It's tempting to think that pastors experiencing
"success" are happier than those experiencing "failure" or to think
they have it better, more comfortable, less problems, etc.
But such may not necessarily be the case. Though there are certainly dynamics which are quite
different in "successful" and "less successful" congregations, Pastors
often aggrandize "success" without taking a good look at it. Seldom do they
consider that "success" also brings its own set of problems.
Though the following article is admittedly simplistic,
nevertheless I believe success and failure have some of the same problems whether it be
staffing, budget, leadership, or other areas. Read on and see what I mean.
The Problems With "Success"
1) Expectations never meet reality.
- Once we realize the dreams of success, we always find that
the grass was not as green as we thought. We are disappointed.
2) Success brings extra unanticipated problems.
- Such problems can be financial, staffing, and or a number
of other programming difficulties which must be dealt with.

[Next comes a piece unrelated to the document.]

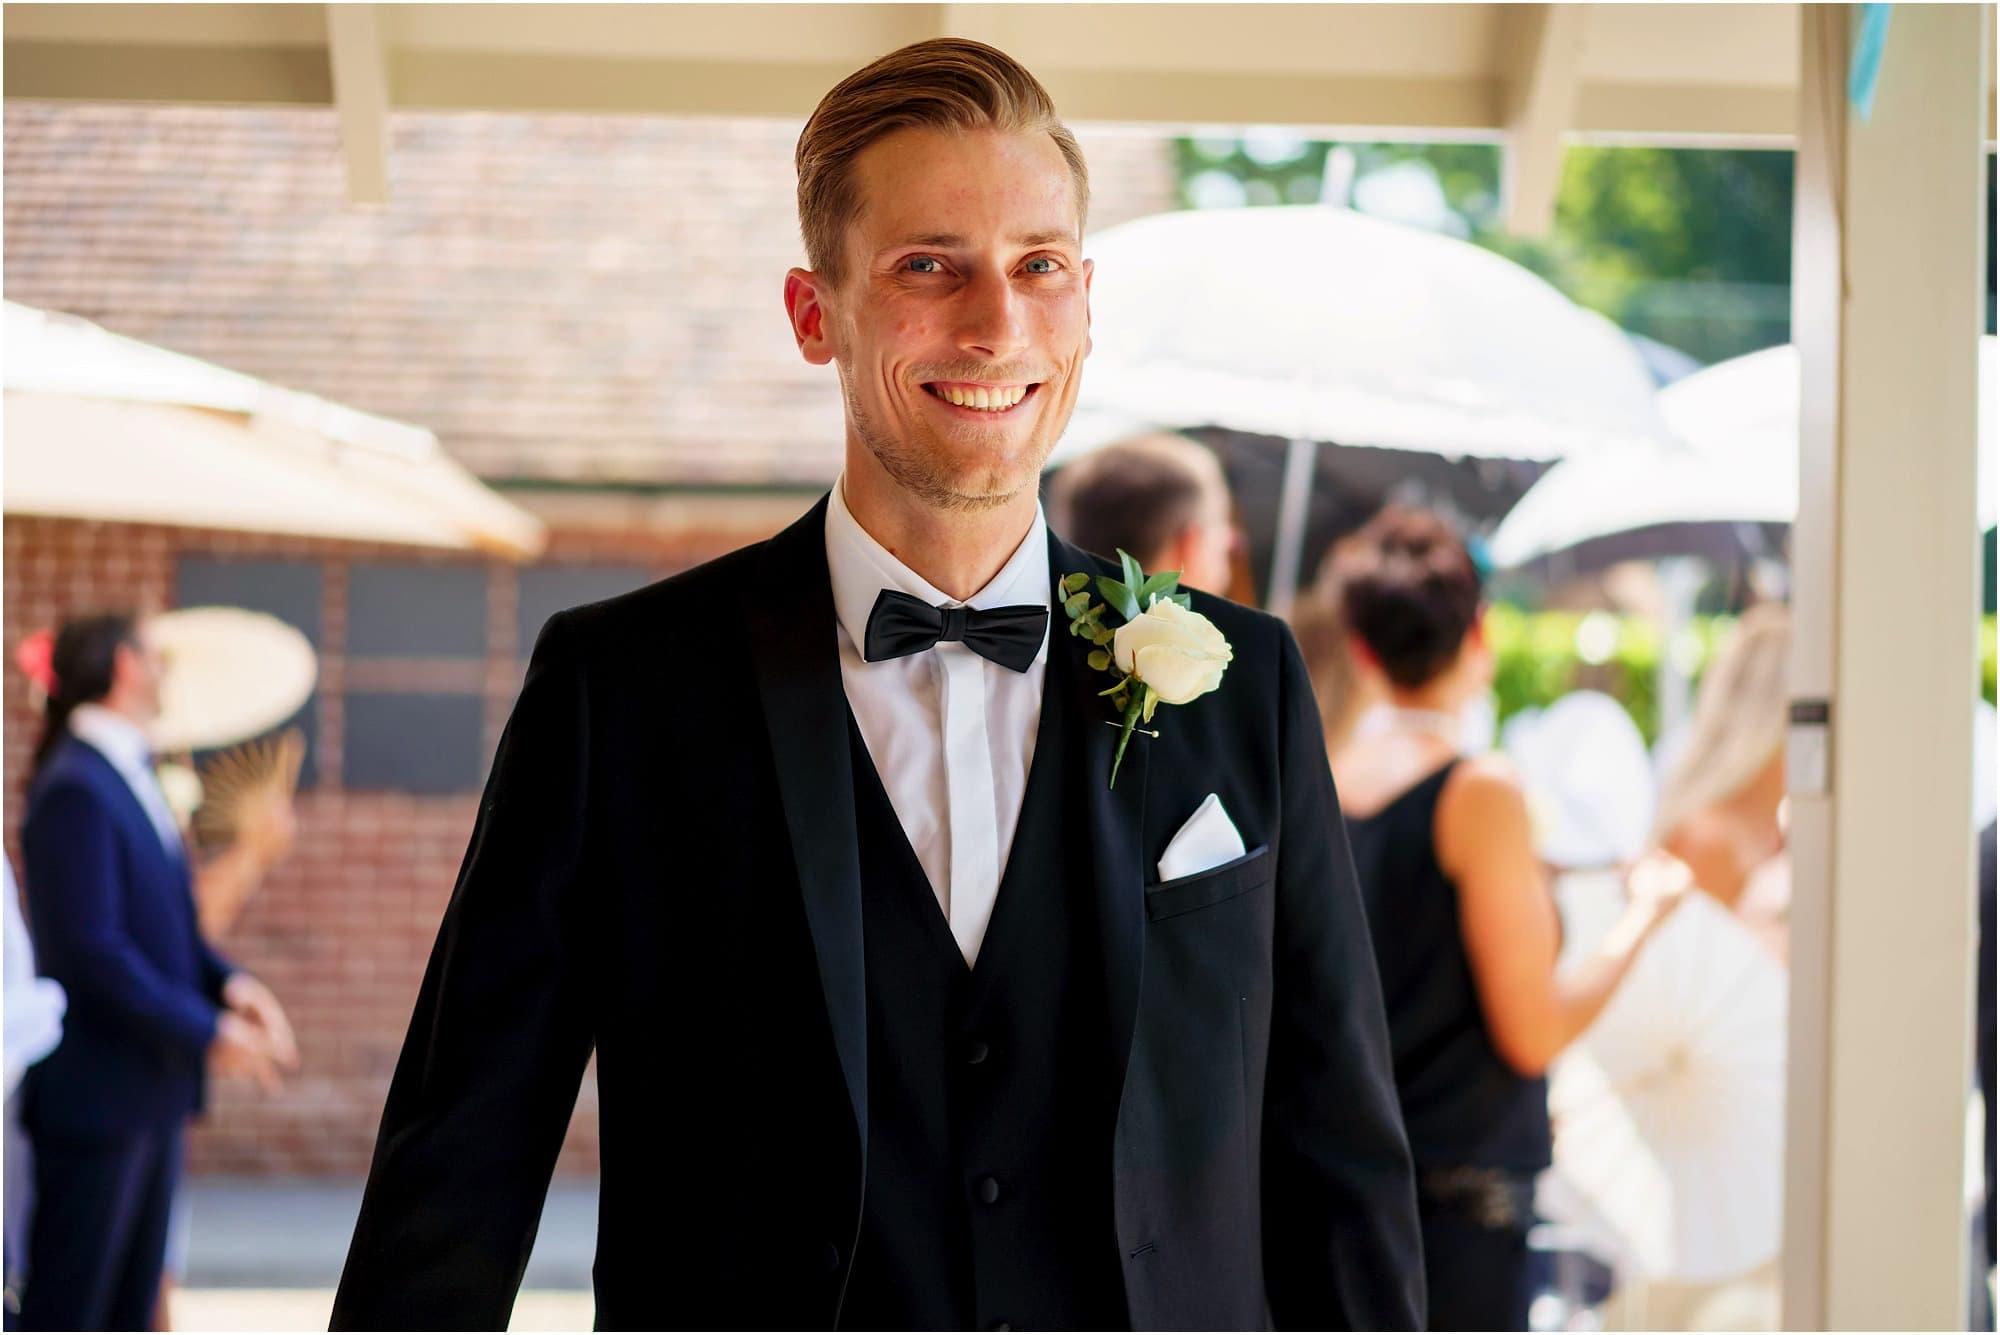 happy groom by poolside

3) Tendency for momentum to slow/plateau when success
- After every great work, there's a "Sabbath" time
when people take a well-deserved rest. Unfortunately, it can be difficult to get out of
"rest" mode and get the momentum going again.
4) Lends itself to focus on self
- After all is finished we have a tendency to say, "Look
what I did!" Such focus, if unchecked, can lead to a sense that we built the church
and not God, thus placing great unnecessary stress on ourselves.
5) Changes responsibilities of leadership
- New successes mean that leadership must take on the new
responsibilities and challenges that success has introduced. Some of these new challenges
will have been anticipated; others will not have been anticipated.
6) Exposes leadership obsolescence
- Unfortunately, leaders who have done exemplary work to get
the church to the level of success do not have the gifts, abilities, attitudes, and/or
inclinations to go toward the next level of success. In fact, such individuals may resist
successive levels of success for numerous reasons.
- Thus, the leaders one counted on to reach a given level of
success may not be able to take it up to the next level. This, of course, is a very
painful process for pastors and leaders as we sometimes must leave behind those whom we
most loved and respected.
7) Success requires extra energy to maintain the new level
- Bigger planes need bigger, more efficient engines and
structure. So also the church as a larger organization requires greater resources to be
maintained at higher levels. Extra energies will be used in re-defining leadership and
staff roles. Some of the energies will result in failures.Others will result in successes.
8) When success is followed by failure, it may cause a
downturn or diversion of energy.
- When success begins to happen in series, it may be an
unexpected disappointment when something finally failsas it will. People may be
disappointed, leading to a slowing of momentum or and diversion of energy toward
scapegoating the "cause" for the failure.
9) Success brings conflict
- Wherever two or three are gathered, there will be conflict.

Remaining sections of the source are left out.